§ **INSTRUCTIONS TO FOLLOW**
Print the listing below exactly, images excluded.

§ **EXERCISE DATA**
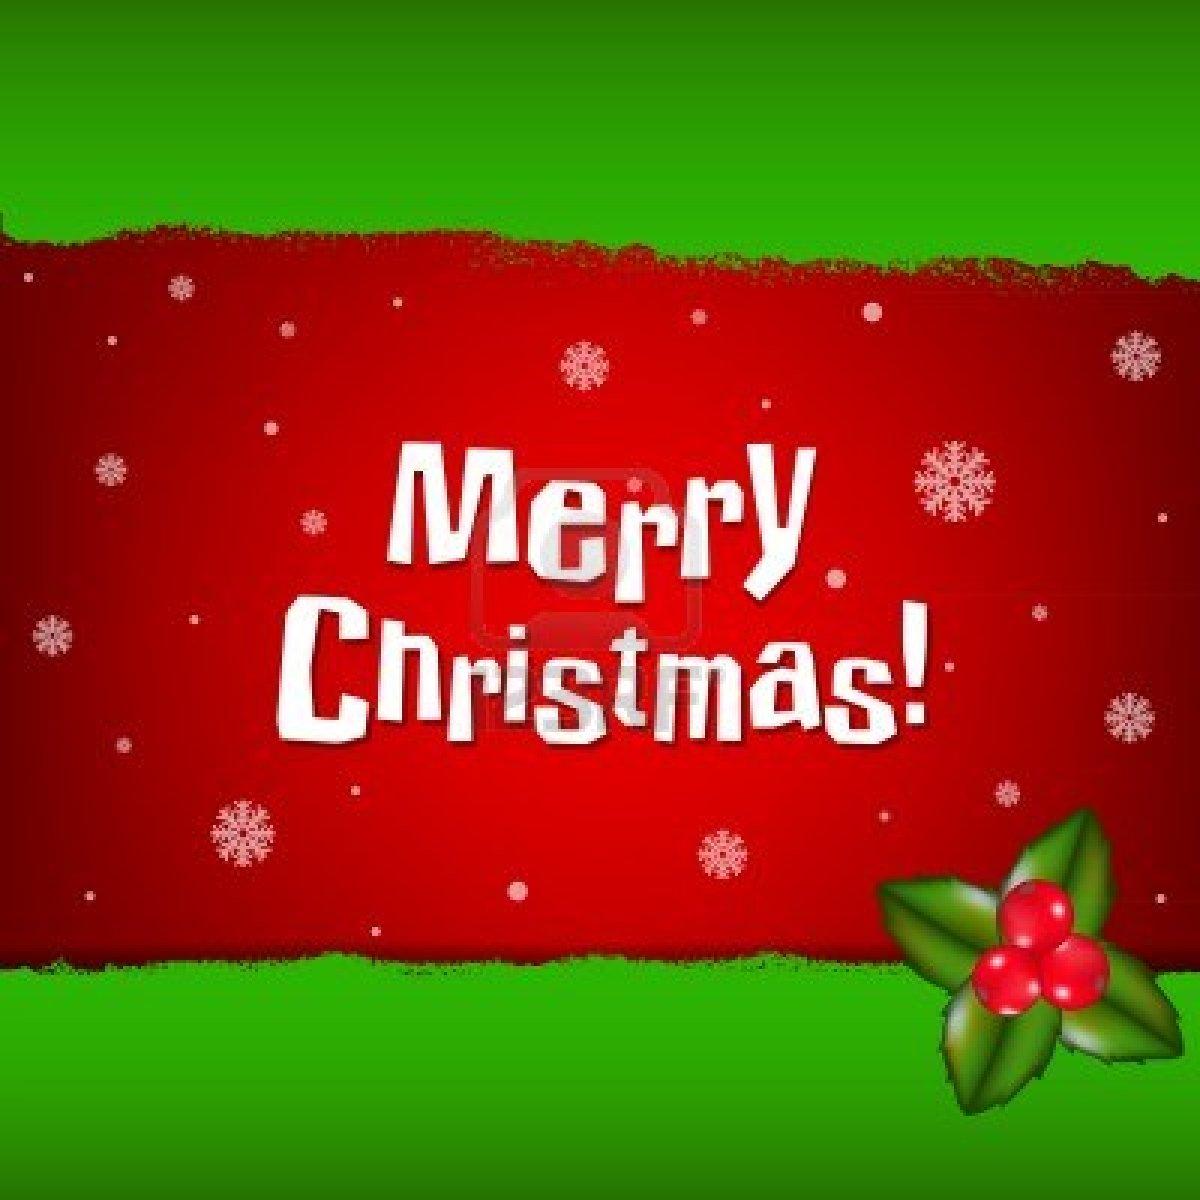 http://3.bp.blogspot.com/-TtdXgKOm_uo/UNiH--ho9nI/AAAAAAAAJU4/57mcmQL6gBo/s1600/Merry+Cristmas+greeting+(4).jpg
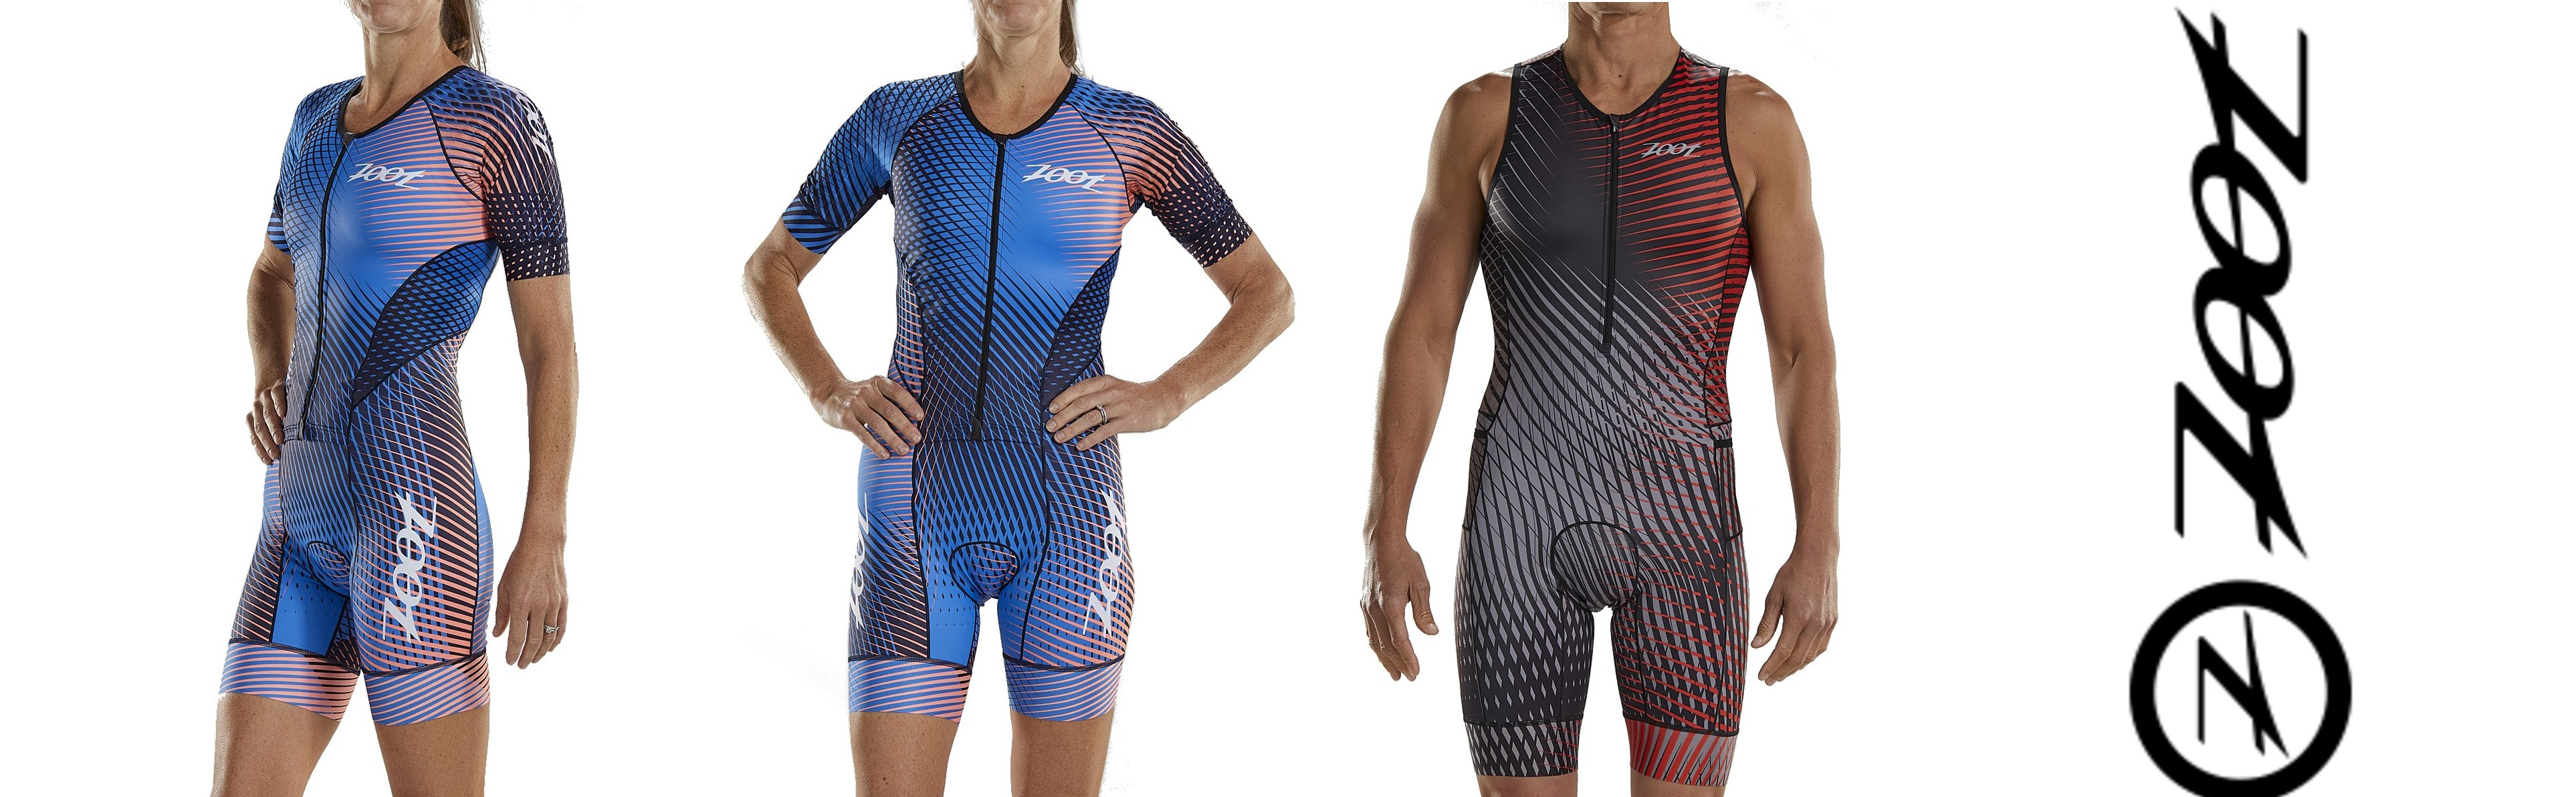 Na zalogi že novi modeli triatlonskih oblačil ZOOT Racesuit PLUS
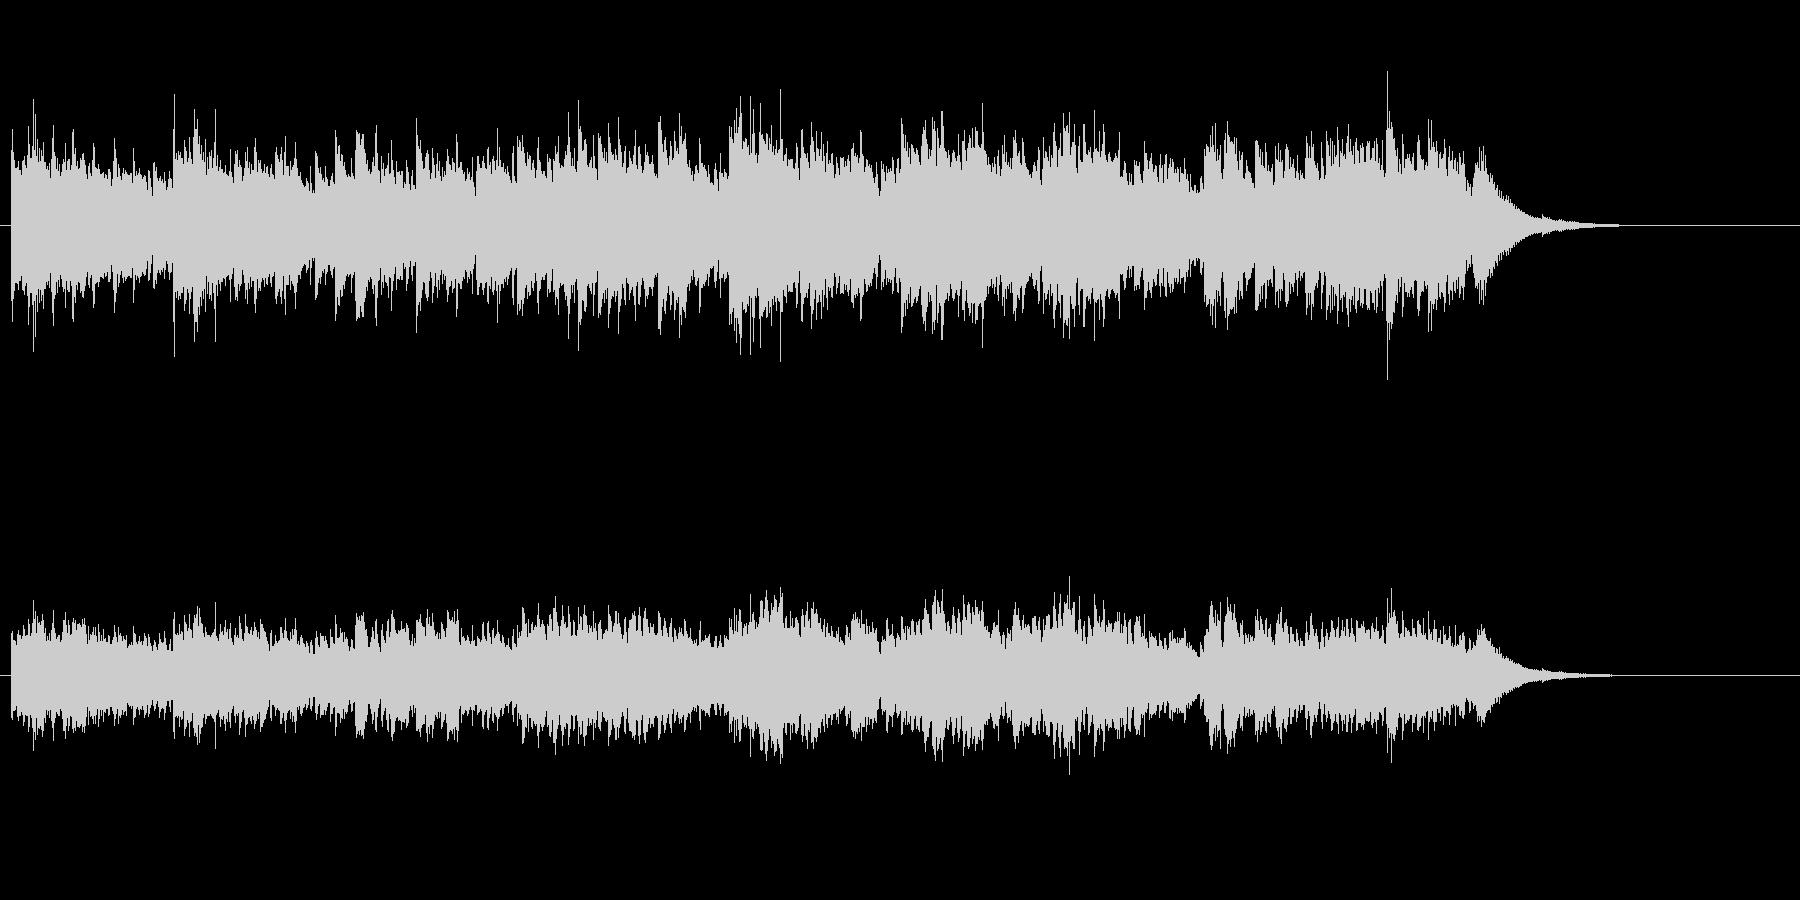 アコースティック・サウンドの未再生の波形

§ **EXPECTED ANSWER**
 http://3.bp.blogspot.com/-TtdXgKOm_uo/UNiH--ho9nI/AAAAAAAAJU4/57mcmQL6gBo/s1600/Merry+Cristmas+greeting+(4).jpg
 Na zalogi že novi modeli triatlonskih oblačil ZOOT Racesuit PLUS
 アコースティック・サウンドの未再生の波形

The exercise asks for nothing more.